I’m spending my day shadowing a top San Diego Unified employee, and they get started about as bright and early as I do. So without further ado, the newsblitz!
- We blog about how the San Diego Unified school board set its priorities for budgeting last night: Using dots. Their list was topped by boosting achievement for all students, but also included diversity, technology and maintaining class size.
- More from our blog: San Diego Unified is officially seeking just one superintendent. Community activists are questioning why the school district is sitting out this round of Race to the Top. And a teacher at Preuss is vying for a prestigious national award.
- The Union-Tribune reports on the budgeting, too, and gives more details on Kelly Kovacic, the teacher who’s in the running for that big award.
- SDNN also gives some limelight to Kovacic and follows up on the removal of parent activist Sally Smith from her school site committee.
- KPBS reports more on the school board deciding to stick with a single superintendent and quotes a parent who touts the current interim chief, Bill Kowba, as a good choice.
- Adult schools are trying to lure back dropouts, the North County Times reports.
- Remember the Los Angeles Times series about teacher firings? It featured a teacher who was removed from the classroom more than seven years ago, but has kept getting a paycheck as his case continued. Now a judge has ordered that he be immediately fired, the Times reports.

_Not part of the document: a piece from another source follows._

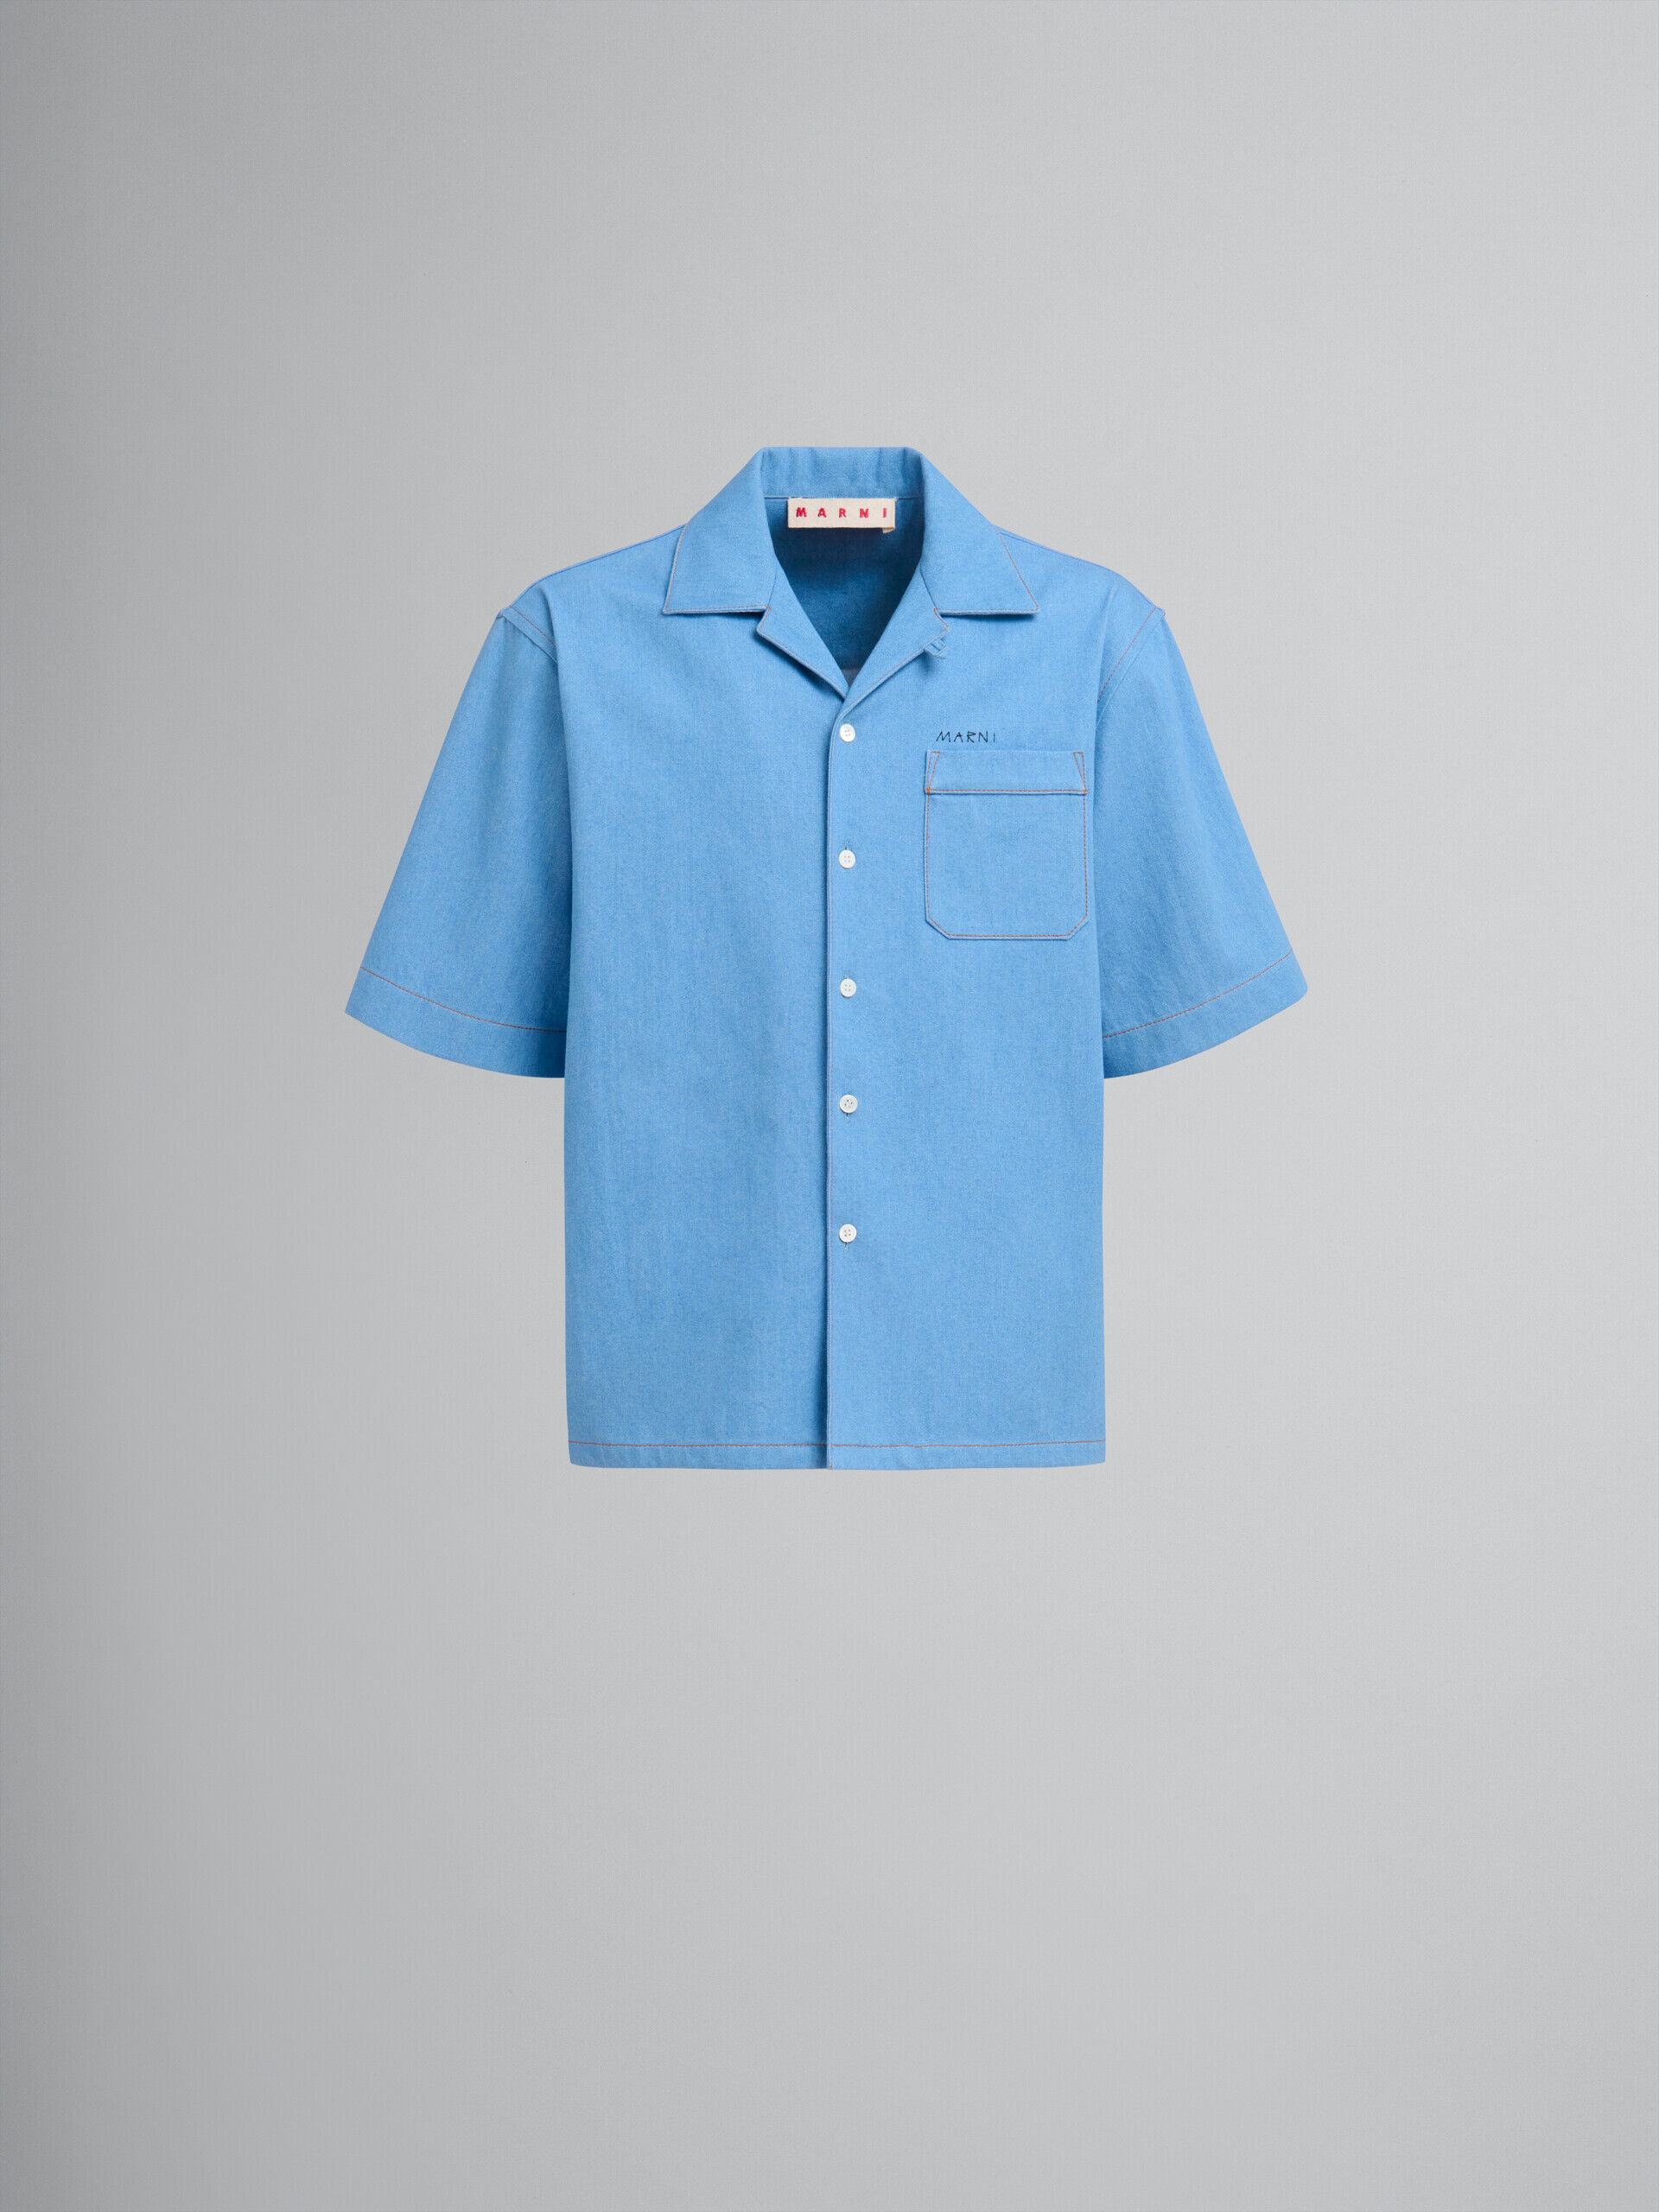 ブルー マルニ メンディングロゴ付き デニム製 ボーリングシャツ | Marni

- Also in the LAT: Los Angeles Unified passed rules that require charter schools to disclose details about their personal finances and to abide by a court settlement on special education students. Charter advocates called it unnecessary.
- The Orange County Register reports that a state lawmaker is pushing a bill that would explicitly bar charter school leaders from unlawful censorship.
- A good question from Educated Guess: Schwarzenegger’s budget assumes that California will be granted permission to spend less on K-12 education than it promised it would. Is that a good assumption?
- The Press-Enterprise writes about a new, quicker pathway into teaching for math and science experts.
- Education Week delves more into the pledge from Randi Weingarten, president of the second largest teachers union in the country, to revise the teacher dismissal process. One of their bloggers, Stephen Sawchuk, does a nice job of rounding up more perspectives on her speech.
- What’s in a word? A Washington state lawmaker wants to replace the words “disadvantaged” or “at-risk” and instead talk about “at-hope” children, the Associated Press reports.
- Jay Mathews at the Washington Post argues that it’s time to scrap No Child Left Behind, not just amend it. “Nobody’s going to listen to me, of course,” he writes. “I don’t care.”